Can QPP Choose the Right Query Variant? Evaluating Query Variant Selection for RAG Pipelines

arXiv cs.CL / 4/27/2026

💬 OpinionIdeas & Deep AnalysisModels & Research

Key Points

  • The paper studies whether Query Performance Prediction (QPP) can select the best query reformulation variant in RAG pipelines without running full retrieval and generation for every variant.
  • Unlike traditional QPP that estimates query difficulty across topics, it focuses on intra-topic discrimination by choosing among multiple semantically equivalent variants for the same information need.
  • Experiments on TREC-RAG show a “utility gap”: variants that score well on retrieval ranking metrics (e.g., nDCG) do not necessarily yield the best generated answers.
  • Despite this divergence, QPP can reliably pick variants that improve end-to-end answer quality, and lightweight pre-retrieval predictors often achieve similar or better results than costly post-retrieval methods.
  • Overall, the findings support latency-efficient variant selection to make RAG more computationally affordable while maintaining output quality.

Abstract

Large Language Models (LLMs) have made query reformulation ubiquitous in modern retrieval and Retrieval-Augmented Generation (RAG) pipelines, enabling the generation of multiple semantically equivalent query variants.
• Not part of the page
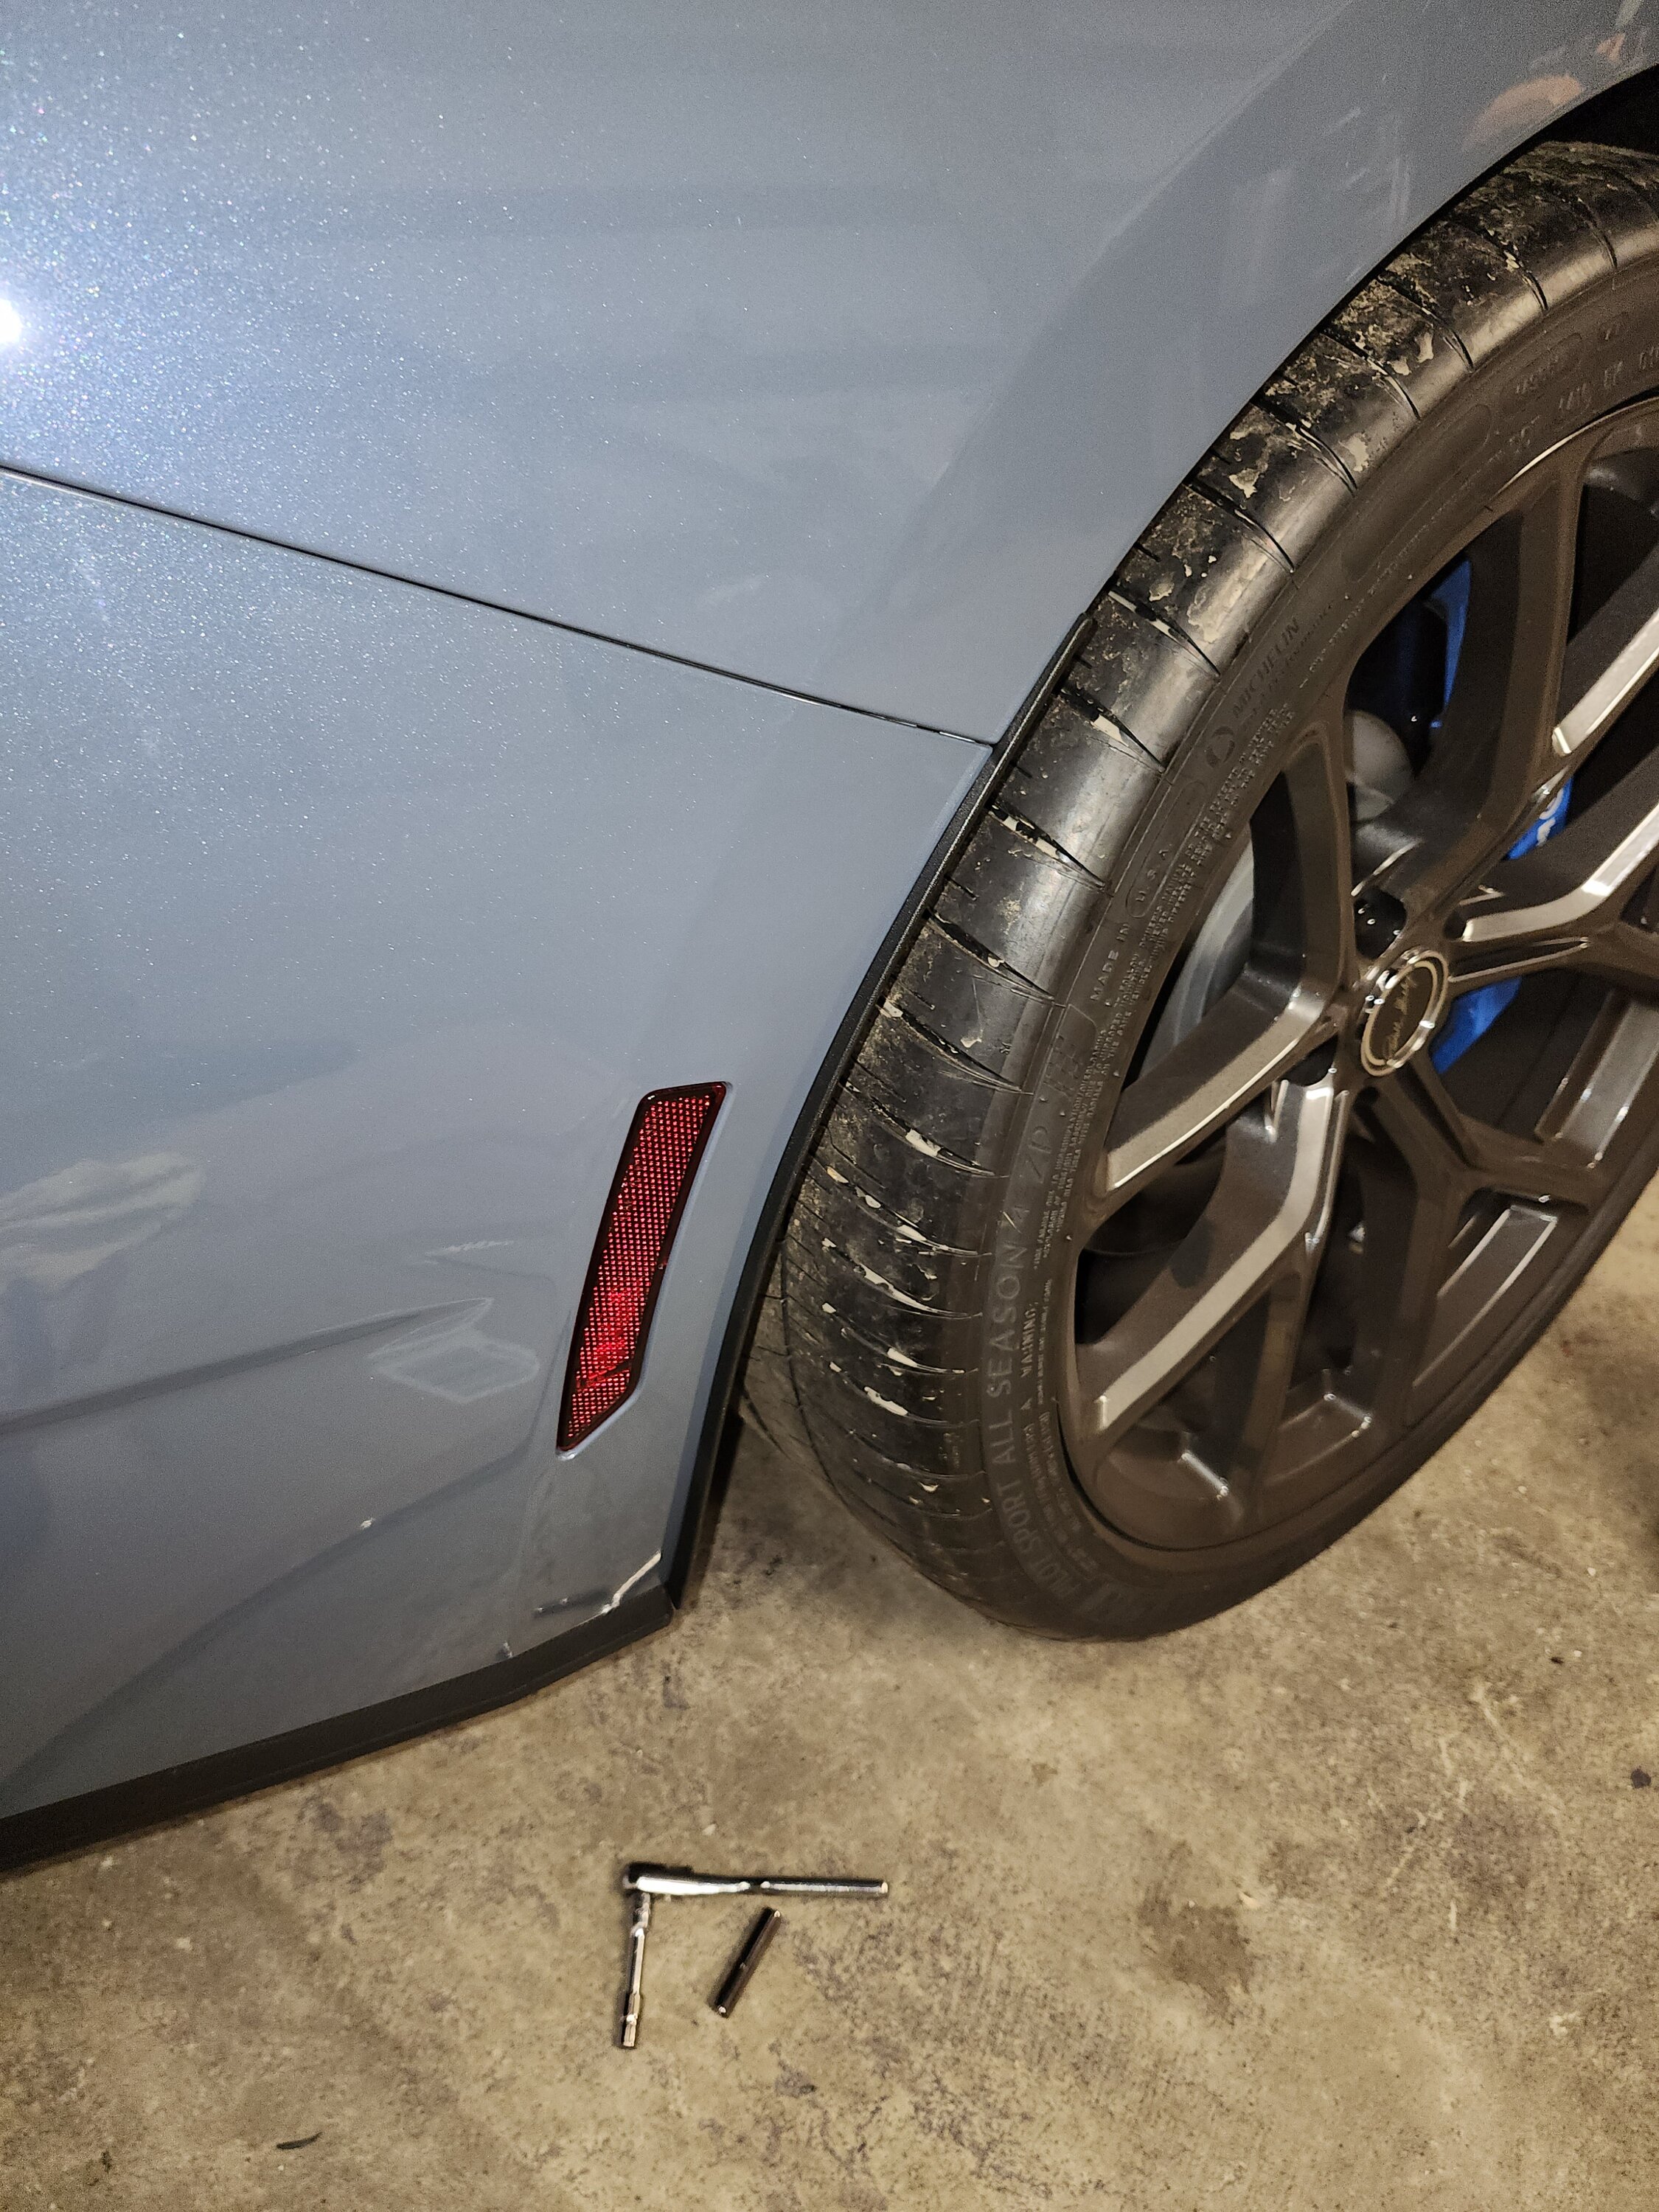 S650 Mustang What's going on with Vapor Blue colour?? Some doubts about the true tone 1000008047

However, executing the full pipeline for every reformulation is computationally expensive, motivating selective execution: can we identify the best query variant before incurring downstream retrieval and generation costs? We investigate Query Performance Prediction (QPP) as a mechanism for variant selection across ad-hoc retrieval and end-to-end RAG. Unlike traditional QPP, which estimates query difficulty across topics, we study intra-topic discrimination - selecting the optimal reformulation among competing variants of the same information need. Through large-scale experiments on TREC-RAG using both sparse and dense retrievers, we evaluate pre- and post-retrieval predictors under correlation- and decision-based metrics. Our results reveal a systematic divergence between retrieval and generation objectives: variants that maximize ranking metrics such as nDCG often fail to produce the best generated answers, exposing a "utility gap" between retrieval relevance and generation fidelity. Nevertheless, QPP can reliably identify variants that improve end-to-end quality over the original query. Notably, lightweight pre-retrieval predictors frequently match or outperform more expensive post-retrieval methods, offering a latency-efficient approach to robust RAG.